An 18th century re-use pocket thedreamstress.com

12 Comments

  1. Christina Kinsey says

    Great idea, l have thought at times about adapting some of my dresses (not hostorical in style but full skirted enough) to take waist pockets for purse, keys etc. Would save me having to use a handbag…
    Beautiful pockets, beautiful model, l can see she likes your fabric choice too

  2. River says

    After a couple trips to a Ren Faire, I gave in and started making and wearing waist pouches (fanny packs, pockets, belts, purses, bags, call it what you like ). I sew a simple purse, put it on a crocheted belt, tie it around my waist and I’m on my way, both in real life and at Ren Faires.

    Keeps my hands free, I never have to worry about forgetting my purse and thanks to the size, keeps possessions to a minimum. My wallet, phone, writing pad, personal supplies, keys, chopstick and whatever spare change I accumulate.

    I get odd looks but also positive comments. I like having my hands free and not having to wrestle with a purse.

  3. Elise says

    What a wonderful story! (Your photos from Costume College looked like way fun–looking forward to more posts as you process your last adventure!) I especially like how the elastics were then donated to another shop!

    I just realised that 18th-century pockets have their modern equivalent in construction tool belts! No wonder, because they are both very handy. I imagine that the pouches of the pockets are much better for holding small things than their leather counterparts.

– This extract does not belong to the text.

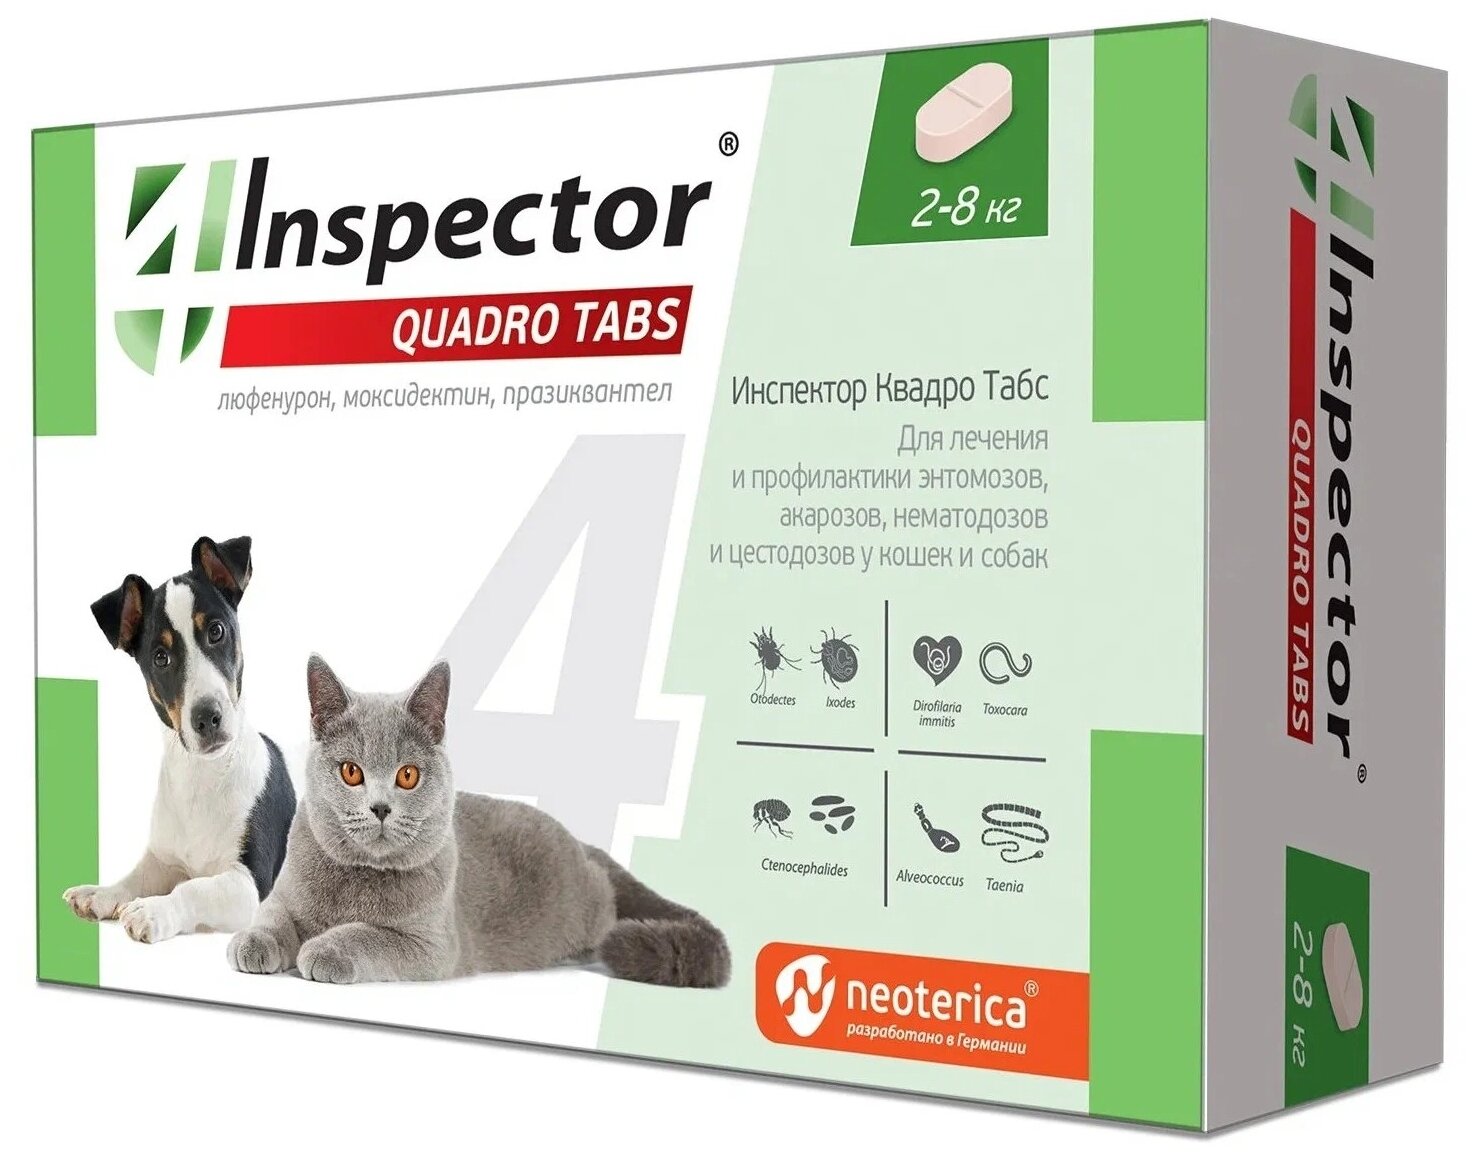 Таблетки Neoterica Inspector Quadro Tabs для кошек и собак 2-8 кг (4 таблетки) // Для лечения и профилактики паразитарных болезней

    • Dear Felicity kitty,
      My name is Nutmeg and I’m a calico, too. My buddy Lilypepper and I love fabric, and think you lucky to have such a handsome pair of pockets to attack, roll on, rabbit kick, and nap under. Is your Mama going to mark them with the date and their history, so they may be passed on perhaps longer than she imagines?

      Very best,
      Nutmeg and Natalie

  4. Laurie Taylor says

    Hello. Have loved your blog, but it’s even better now, having met you in person. I was with Amy at the airport, when you arrived. The pockets are delightful, and it is so cool that they’ll be gardening tools someday. I’m inspired to make a set for a friend. Thank you!

  5. Elaine says

    The pockets are beautiful and very practical. I loved seeing lots of photos of Felicity – I’ve missed her.

  6. Pocket… or cat cape?

    I put pockets like these in my first novel. They formed a very useful plot device: the main character absent-mindedly put a container of sulphur in her pocket and found it days later – when wearing a different dress. Next step: making gunpowder to break out of prison. A very accomplished young lady. 🙂

  7. Tsu Dho Nimh says

    “I needed someplace to hold all my personal stuff: lip balms and room keys. Standard Georgian street vendor belongings – you know.”

    Yes … those 18th Century cell phones were ENORMOUS..

    Your cat is amazing. Mine would have chewed the strings, shredded any paper patterns and dragged any surviving bits to the water dish for a thorough soaking.